I segmented the user base into four clusters: Regular Engagers, Moderate Engagers, Super Engaged Users, and High-Spending Users, each with distinct spending habits and engagement levels. This segmentation provided insights into which customers are most valuable and how to enhance their engagement.
My analysis revealed that lifetime subscribers have a significantly higher LTV ($173.21) compared to limited subscribers ($81.40). Based on these findings, I recommended promoting lifetime subscriptions, extending trial periods to improve engagement, and targeting engaged demographics to maximize revenue from limited subscribers. This project demonstrated my ability to perform market research, analyze data, and provide strategic recommendations to improve business outcomes.
For my class project in MGSC 410, my team and I conducted an extensive analysis of the food scene around Chapman University. Our study aimed to identify key factors influencing the success of local restaurants. We examined various variables such as restaurant type, years in operation, cultural origin of cuisine, specialty, average meal price, proximity to Chapman University, seating capacity, ratings and reviews, competitor density, health inspection ratings, and alcohol availability.
Using a supervised linear regression model, we predicted the years of operation for these restaurants. We found that proximity to Chapman University significantly impacts a restaurant's success. Through clustering analysis with K-means and Gaussian Mixtures, we identified distinct clusters of restaurants, revealing that restaurants closer to Chapman with higher ratings tend to perform better.
Our study also highlighted the influence of culture and specialty on customer ratings, with more casual, finger food-oriented cultures being more successful. Additionally, we used a gradient boosting tree model to analyze the relationship between meal price and specialty on ratings, and a random forest model to determine the most important features affecting average meal prices.
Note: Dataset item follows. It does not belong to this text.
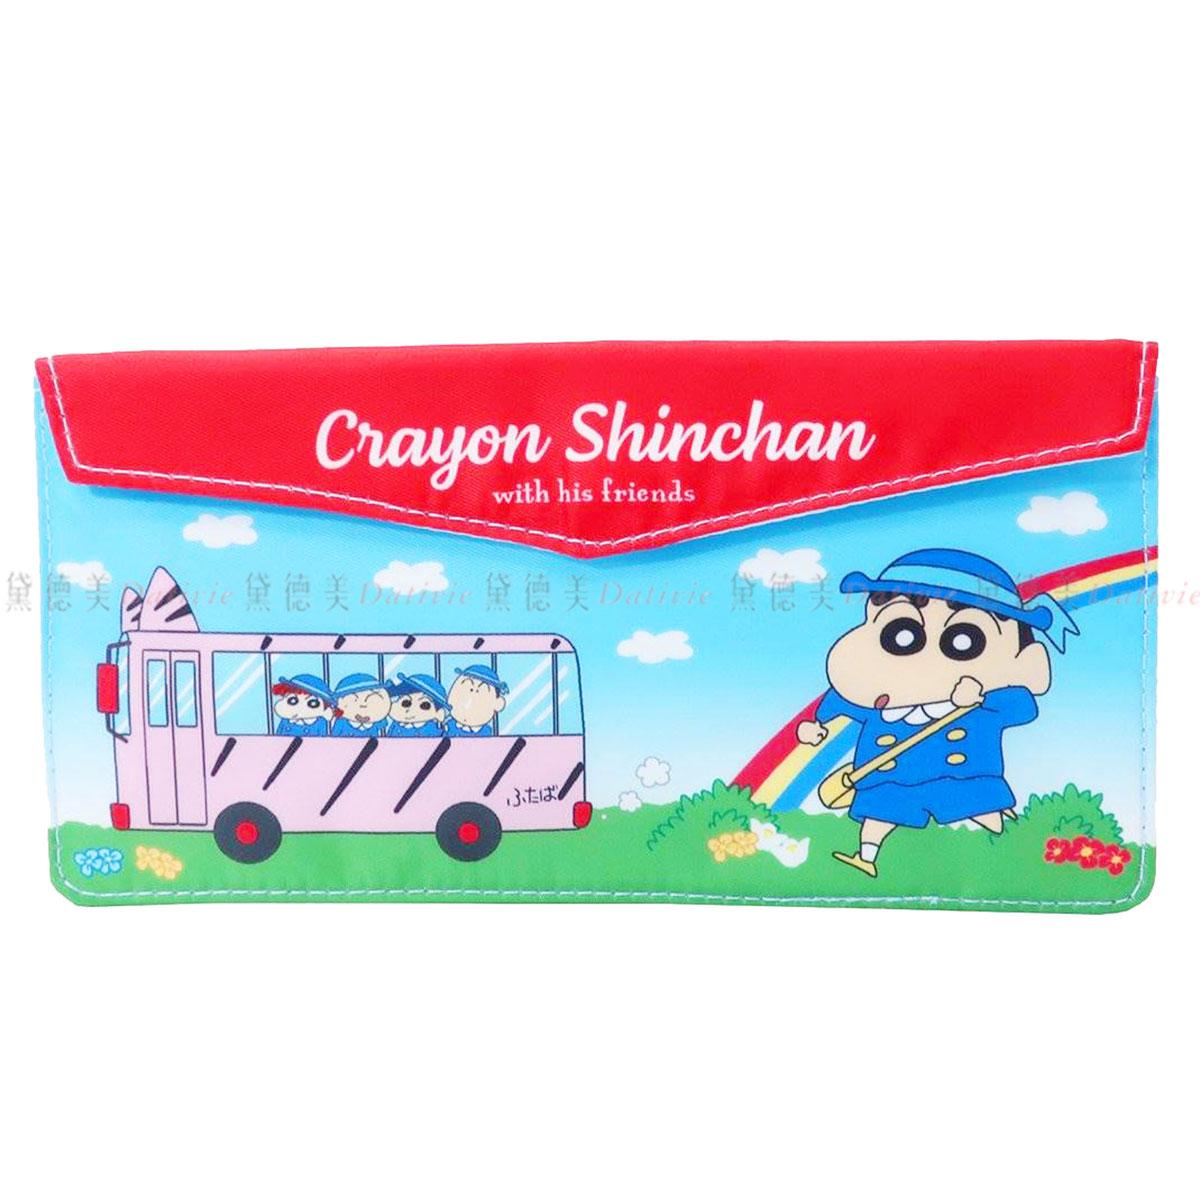 信封造型口罩收納套-蠟筆小新 Crayon Shin Chain クレヨンしん  日本進口正版授權

Our findings provided valuable insights for targeted marketing, expansion planning, and dynamic pricing strategies, demonstrating my ability to perform complex data analysis and provide actionable business recommendations.
Our project focused on image captioning using a subset of the MS-COCO 2017 dataset, containing around 100,000 images with descriptive captions. The goal was to develop a model that can learn image features and generate captions, which is important for creating alt text to aid accessibility for people with disabilities. The dataset includes 118,000 images for training, 40,700 for testing, and 5,000 for validation, each resized to 224 x 224 pixels and having five captions.
Initially, we considered using VGG16 and GPT-2 but switched to EfficientNetB0 for feature extraction due to its efficiency, significantly reducing training time. We used an LSTM model for text generation because of its effectiveness in handling short-term dependencies in captions. Our final model performed well, achieving high accuracy in generating relevant captions, particularly for core objects within images. It closely aligned with the provided captions, though it occasionally struggled with less common objects.
Through this project, we learned the importance of choosing efficient pre-trained models for feature extraction to handle large datasets effectively. We also realized the iterative nature of training neural networks, which requires fine-tuning different architectures and regularization techniques to achieve desired results. Future improvements include experimenting with RNNs or transformers for potentially better accuracy, trying different regularization methods to address overfitting, and adding object detection to improve caption relevance. Overall, this project provided valuable insights into using neural networks for image captioning and balancing accuracy with computational efficiency.